Ты качаешь головой, ты не веришь и пытаешься возразить, но не можешь. Потому что слова мои кажутся тебе словами безумца, а страшно возражать безумцу. Но послушай, я расскажу тебе правду. Такую правду, как миф.

Жил не так далеко отсюда, да и не так давно, чтоб называть это «когда-то» исландский воин и поэт Эгиль. И владел он мечом безупречно, а словом ещё лучше. Но был дурного нрава и часто со всеми ссорился. Так и рассорился со шведской королевой. Она была неплохая женщина, но чересчур впечатлительная. Как-то на пиру разозлил он её своими непристойными намёками и злыми песенками так, что она залезла в бабушкин сундук и достала оттуда склянку с сильнейшим восточным ядом. Растворила яд в браге, налила брагу в драгоценный кубок из моржовой кости, оправленный в золото, украшенный тонкой резьбой и с поклоном поднесла Эгилю. «Вот», – сказала она, – «доблестный воин, наш сладкогласный скальд, тебе в подарок этот кубок и милость шведской королевы». И будь на месте хитрого скальда кто другой, тут бы и помер он. Потому что, друг мой Серый, даже если знаешь, что дело нечисто и могут дать яду, от даров, предложенных королевами, не отказываются. Но Эгиль только благодарно улыбнулся, принял кубок и начертал на нём пару рун. Разное говорят про то, что то были за руны, да всё неправда. А правда вот что: кубок немедленно лопнул на множество частей, и вся брага пролилась на землю.
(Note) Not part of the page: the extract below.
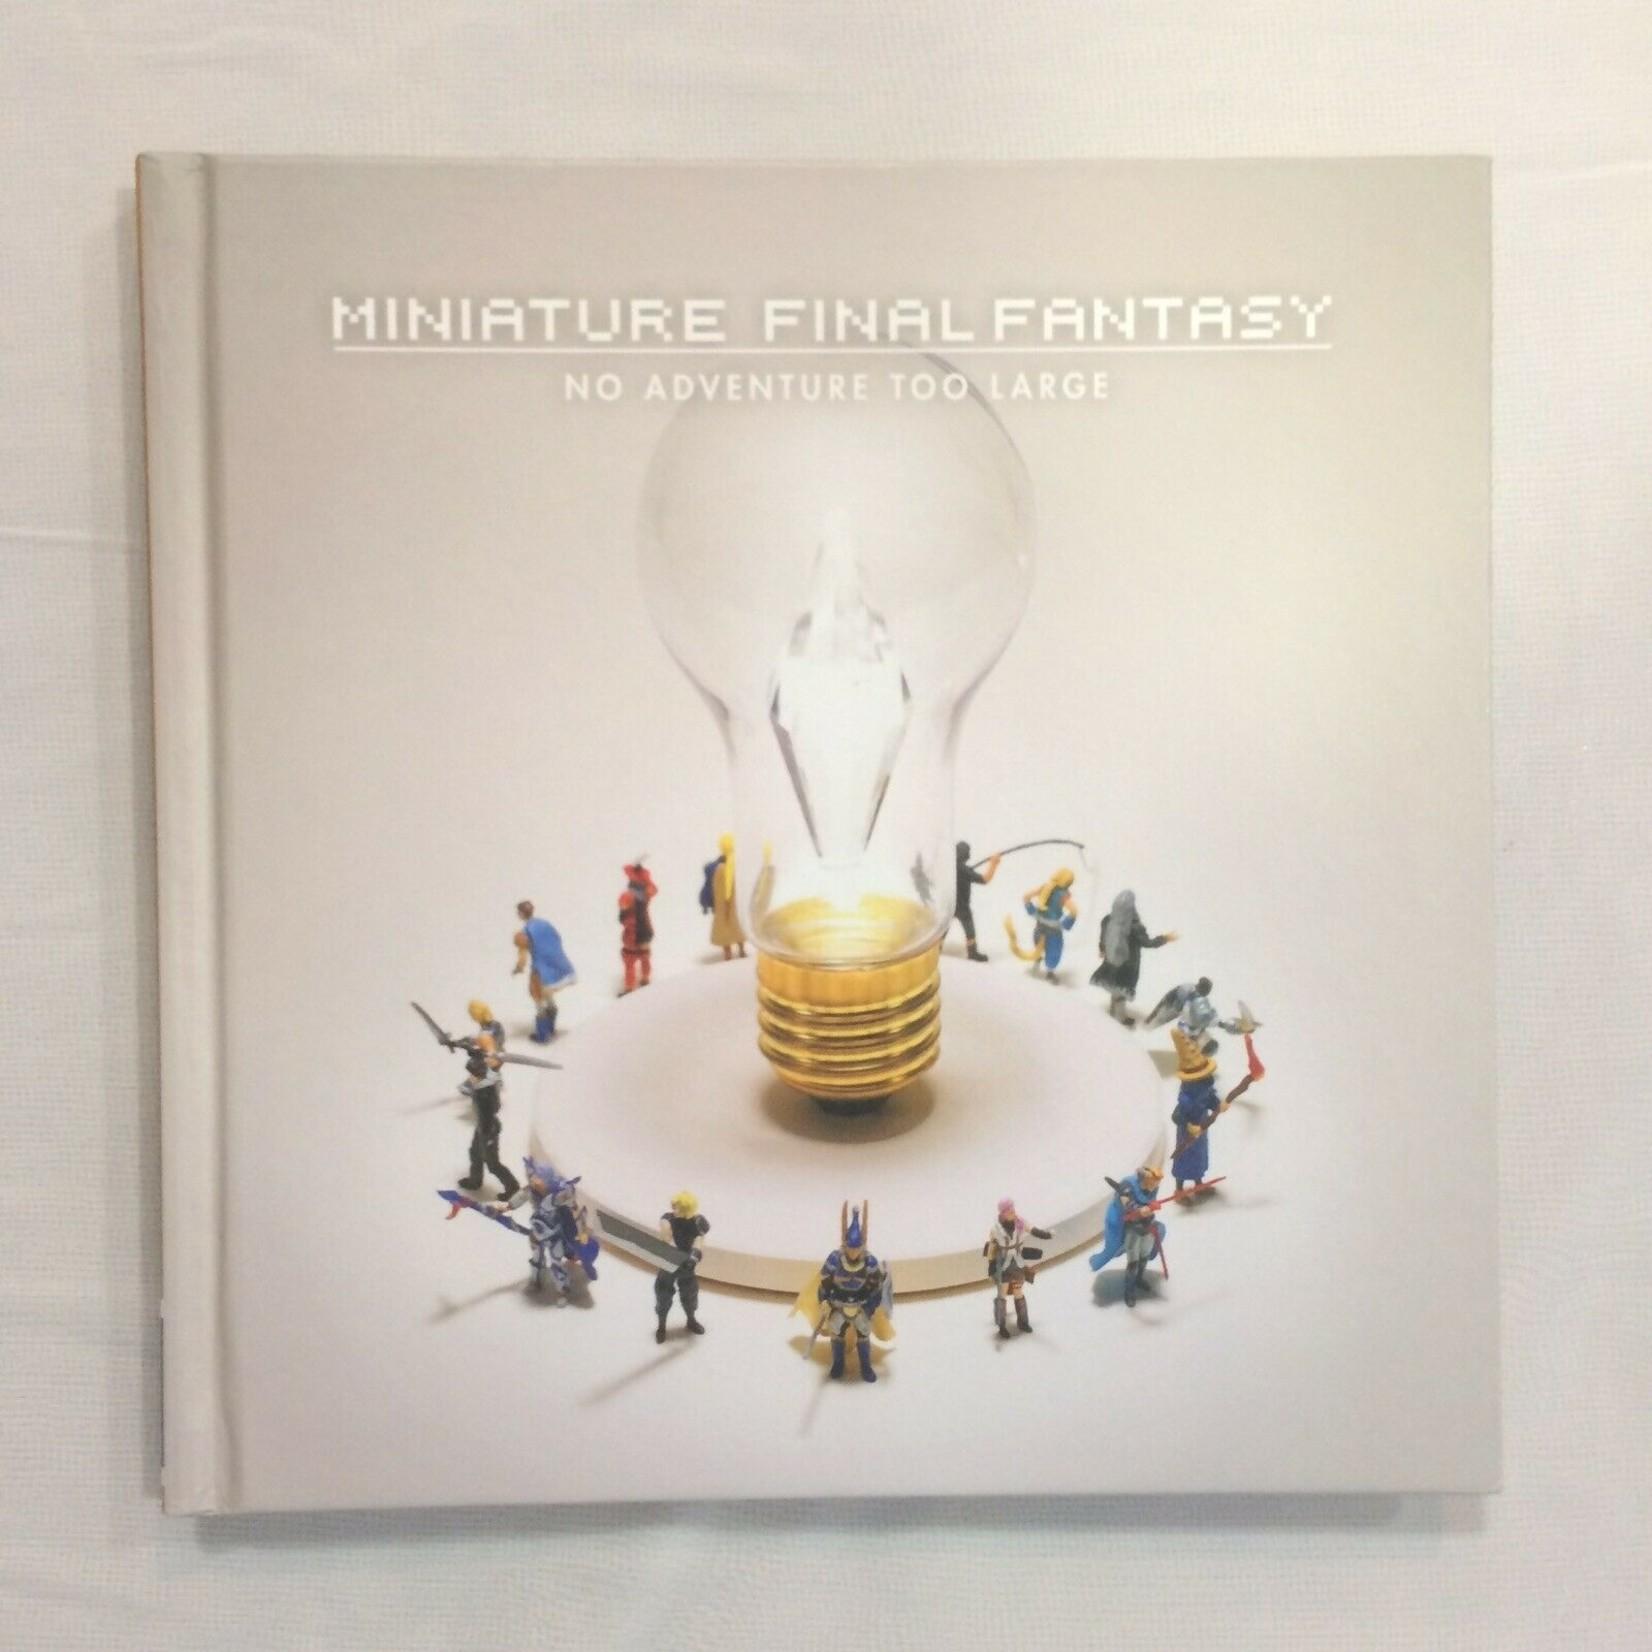 Miniature Final Fantasy no adventure to large

Потому что, серый друг мой, слова сильнее кости, сильнее металла и сильнее яда. И даже иногда сильнее камней и растений.

– 

Это миф, – сказал Сергей, дрожа от волнения, – так не бывает.

– 

Это было, уверяю тебя, и именно так.

– 

Тогда он, наверное, был сильный, и так сдавил кубок рукой, что тот лопнул.

– 

Хорошая версия. Но, видишь ли, пьян он к тому моменту был уже достаточно для того, чтобы ослабли все мышцы, хотя мысли его оставались сильными. Да всё это пустое. Ответь мне, Сергей, хочешь ли ты получить такую силу, чувствуешь ли ты, что сможешь владеть ей и не дать ей завладеть тобой?
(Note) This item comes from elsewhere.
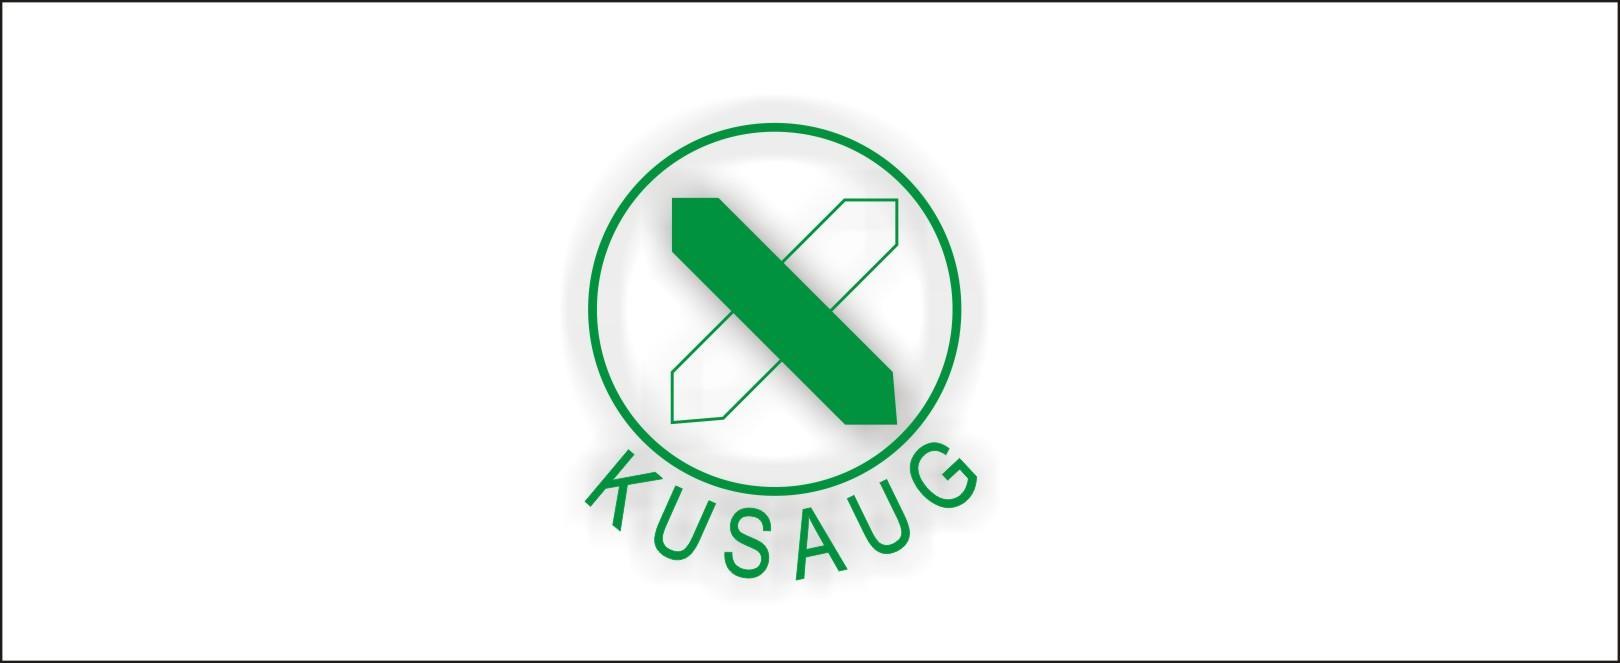 logo logo 标志 设计 图标 1620_663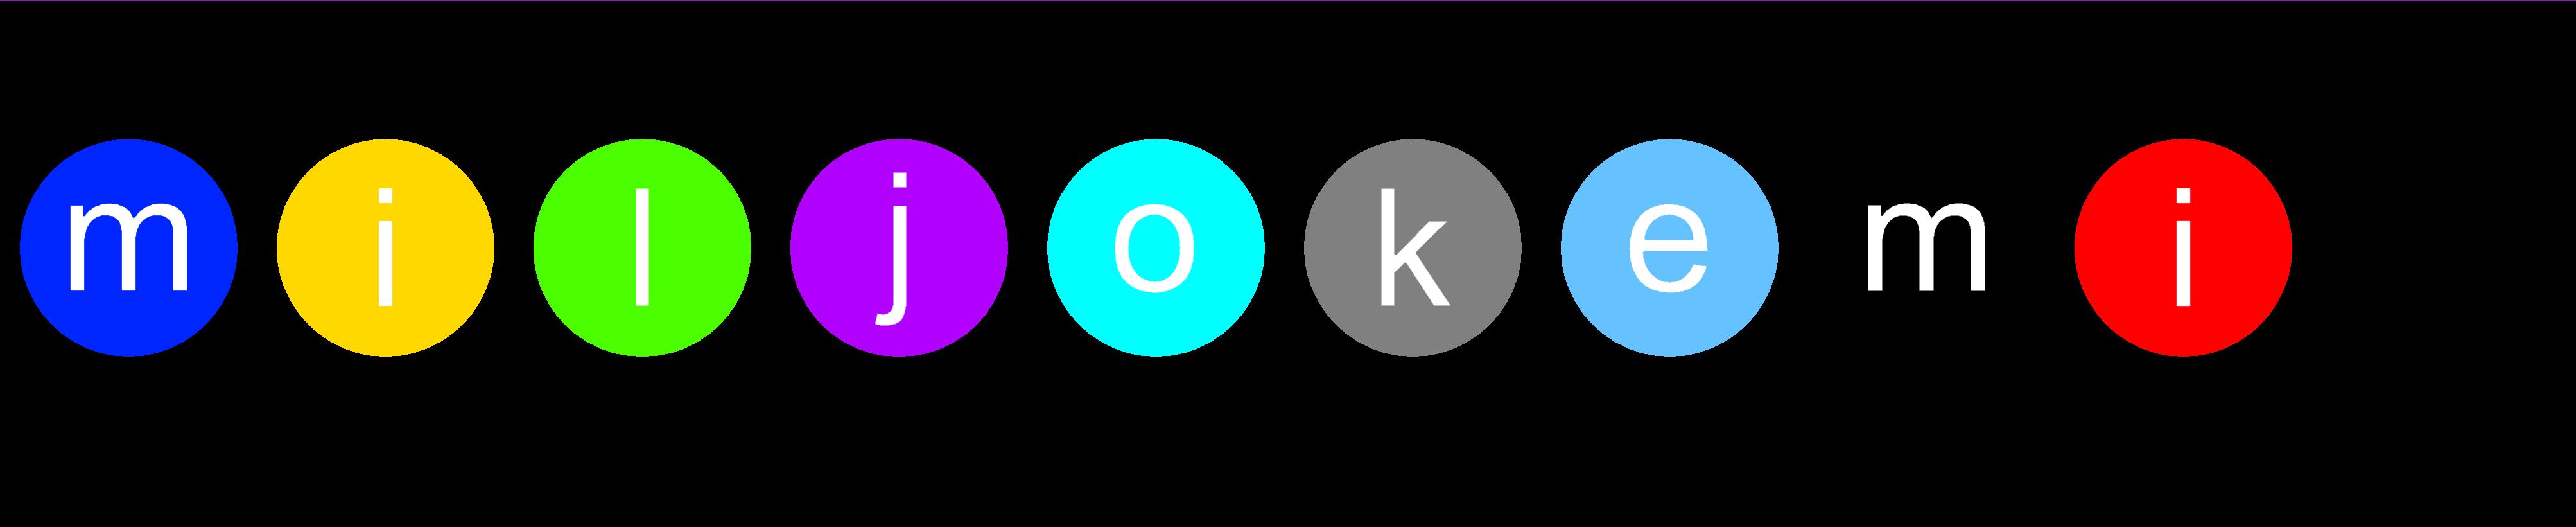 miljokemi.dk logo

И он ответил «да». Потом Андрей Ильич стал ему рассказывать уже особое: о том, как сплетаются звуки, и как надо уметь читать знаки, как находить места, где слово подуманное обретёт силу, а произнесённое станет реальностью, и как правильным жестом придать мысли направление, как руками вырисовать контур желаемого события. Сергей слушал, повторял слова и жесты, сбивался, сам понимал свою ошибку и снова повторял, и не заметил, как пролетели три часа.

– Однако, – сказал Андрей Ильич, – друзья твои уж, верно, решили, что ты пропал совсем или сбежал, как распоследний трус. Да и дома влетит, если я задержу тебя подольше. Но есть у меня ещё пять минут, чтоб сказать тебе последнее слово. Не знаю, встретимся ли мы снова. Сердце моё хотело бы этой встречи, потому что мало я тебе передал, и слишком многому тебе придётся учиться самому. Нехорошо это – быть самоучкой. Наплетёшь ты петлей, там где простым узлом обойтись можно… – Вгляделся ему в испуганные глаза, смягчился лицом и добавил, – Только помни, как бы тяжко ни было, не говори никому.

– 

И даже папе?

– 

Особенно папе. Никому ни слова. Пройдёт время… Я не знаю, сколько времени пройдёт, но ты будешь взрослым, Сергей. Совсем большим, умным мужчиной. И ты встретишь других, таких же, как мы. Этот день запомниться тебе надолго. Ты поймёшь, что такое единство мыслей, подуманных синхронно и созвучие слов, произнесённых вместе. Никаких алых галеонов не обещаю тебе, да и то сказать, пройдя здешними каналами, побуреет любой шёлк и запачкается любая мечта. И будут у тебя в жизни слёзы, и печаль будет, и звёзды не спустятся к тебе с небес…

Хотя, кто

знает, может быть одну счастливую звезду ты и поймаешь. Ладно, беги себе, Серый, и тренируйся на бегу!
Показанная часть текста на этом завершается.